Nurturing Research and Creativity
              
This year faculty again demonstrated remarkable creativity in the advancement of new knowledge. The most critical problems of our society require all the resources of a great research university – in ethics and values, the creative arts, as well as science and technology. For example, cancer research is not just a medical or public health problem, nor is the study of the environment. This is where Carolina excels, where the low stone walls of our campus become a metaphor for our ability to work together to solve big problems.

For our science faculty, the principal metric of success is sponsored research. Total grants and contracts grew by 2.9 percent in 2007 to over $610 million – more than double where we were a decade ago. These gains came even as funding from the National Institutes of Health began to shrink after its budget doubled in the 1990s. Our strategy of investing in big ideas, pulling together our strongest programs across the campus, has worked. This approach has paid big dividends in genomics, advanced material science and nanotechnology. It has also worked in medieval and early modern studies, which just received a major grant from the Andrew W. Mellon Foundation. 

Creating the Margin for Excellence

The Carolina First Campaign, the most successful fund-raising effort in University history, ends in three months well over the $2 billion goal. We exceeded that goal in February when we recorded the largest single pledge in UNC history, the $50 million commitment to the School of Public Health by Dennis and Joan Gillings. Our campaign total does not include the magnificent $100 million gift to the John Motley Morehead Foundation from the Gordon and Mary Cain Foundation, nearly doubling its endowment.

This morning, we announced an anonymous $5 million gift to benefit the honors program through five new endowed professorships to recognize Peter Grauer and William Harrison – alumni who have served Carolina with great distinction. That exceeds the campaign goal of creating 200 new endowed professorships. We are heading to the campaign’s finish line with a special drive for faculty support, increasing that goal by an additional $100 million to $500 million.

For students, our donors have established 544 undergraduate scholarships and 188 graduate fellowships. Our endowment has surpassed $2 billion, over twice what it was seven-and-a-half years ago, a result of gifts and successful endowment management. These private funds are the fuel that is transforming this University, going from greatness to pre-eminence, to be the leading public university. 

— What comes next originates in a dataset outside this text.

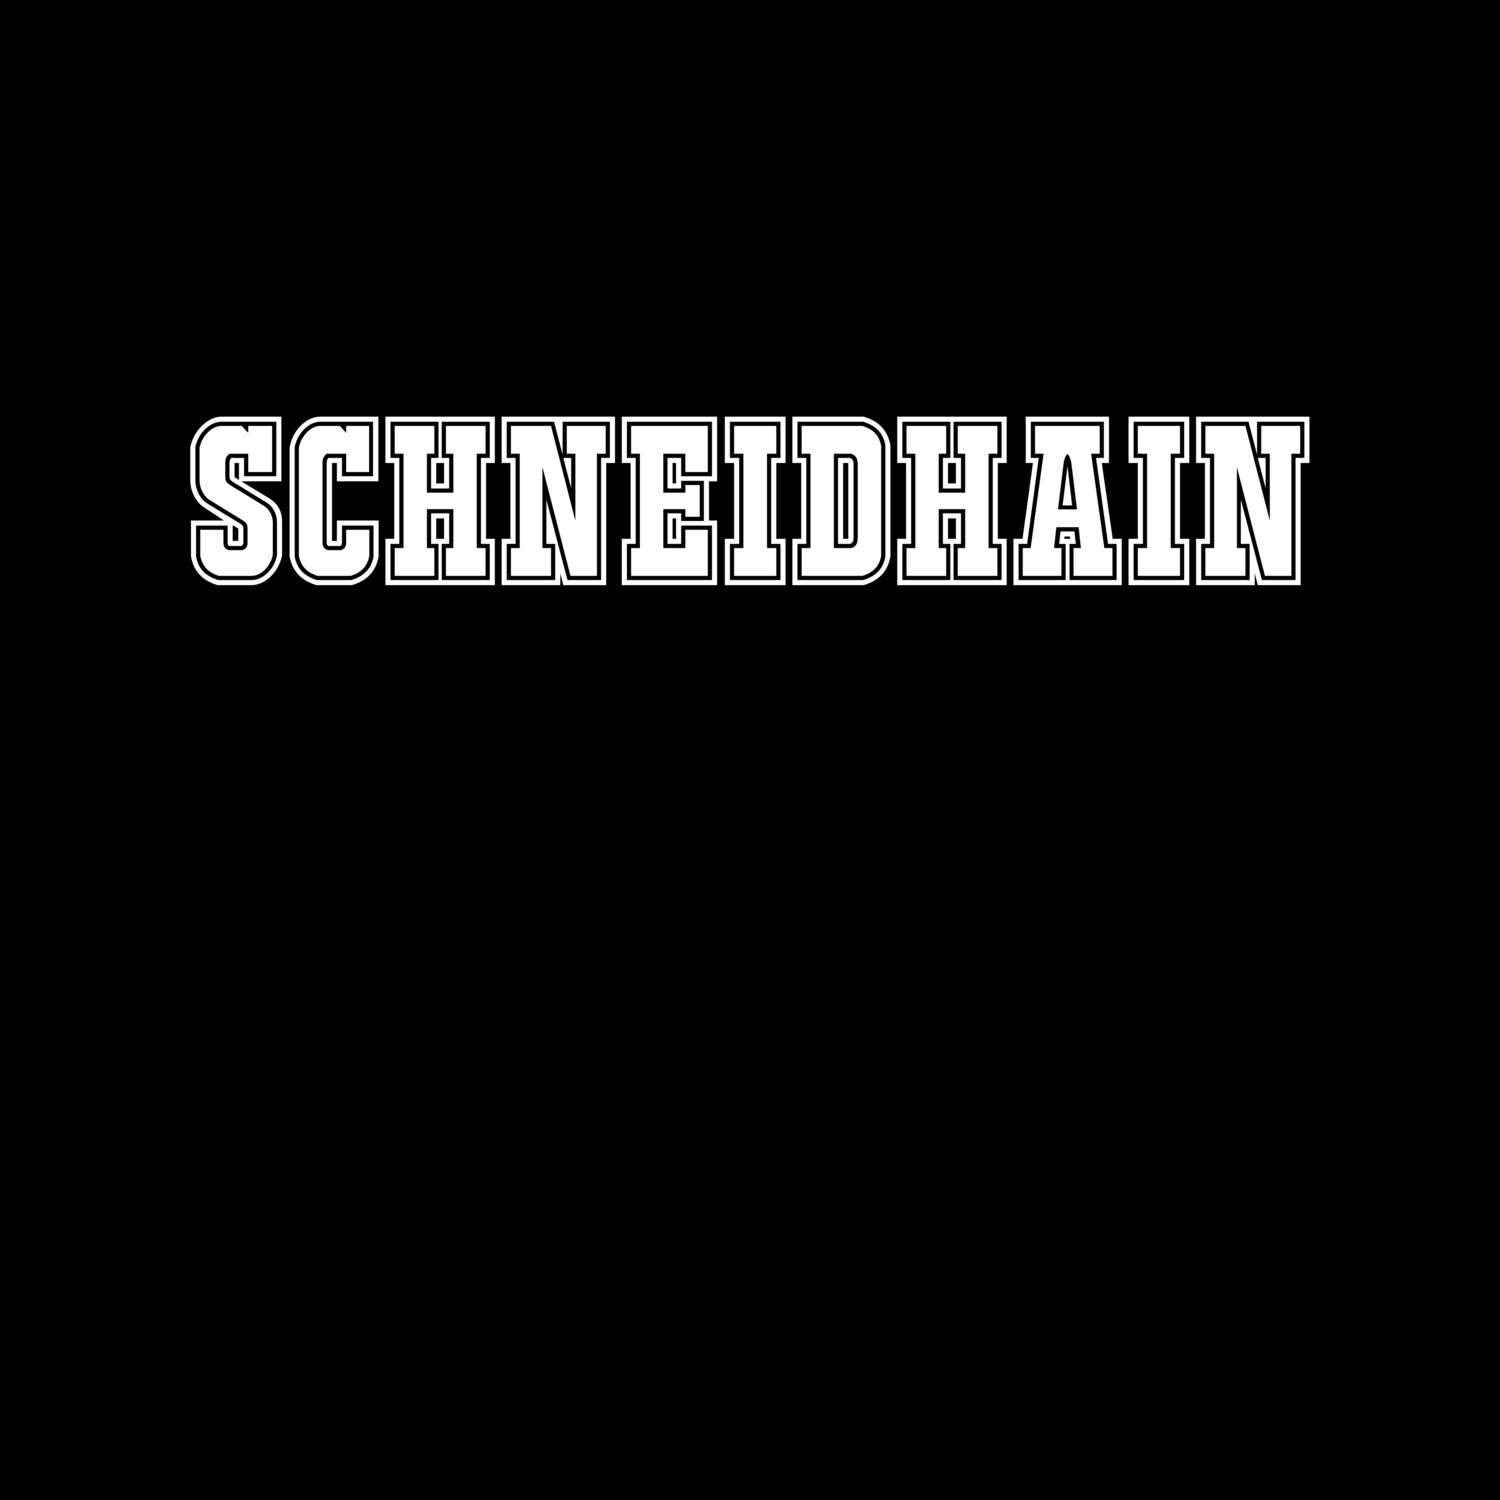 Schneidhain T-Shirt »Classic«

Transforming the Physical Campus

Our massive building program is adding 6 million square feet to the main campus. This program is grounded in core values of architectural quality and sustainability. The 2000 Higher Education Bonds brought $515 million for new buildings and renovations, and we more than kept our promise to triple this investment by North Carolina taxpayers. We have completed nearly 80 percent of those 49 bond projects and expect to finish in January 2009 within two months of our original projection – and on budget.

The total $2.1 billion building program, including projects funded by gifts, research grants and our own revenues, is giving the campus community the physical space in which to excel in ways we have never been able before. The campus is being transformed. One of America’s most beautiful campuses is becoming even more beautiful. 

Carolina Connects:  Serving North Carolina

Carolina has a long and cherished tradition of service to North Carolina, but we can and must do more. Vice Chancellor Mike Smith has formed the Carolina Engagement Council to help set our course, leading a campus dialogue on engaged scholarship. The Golden LEAF Foundation has committed at least $10 million over the next five years to support the faculty’s work in rural communities across North Carolina.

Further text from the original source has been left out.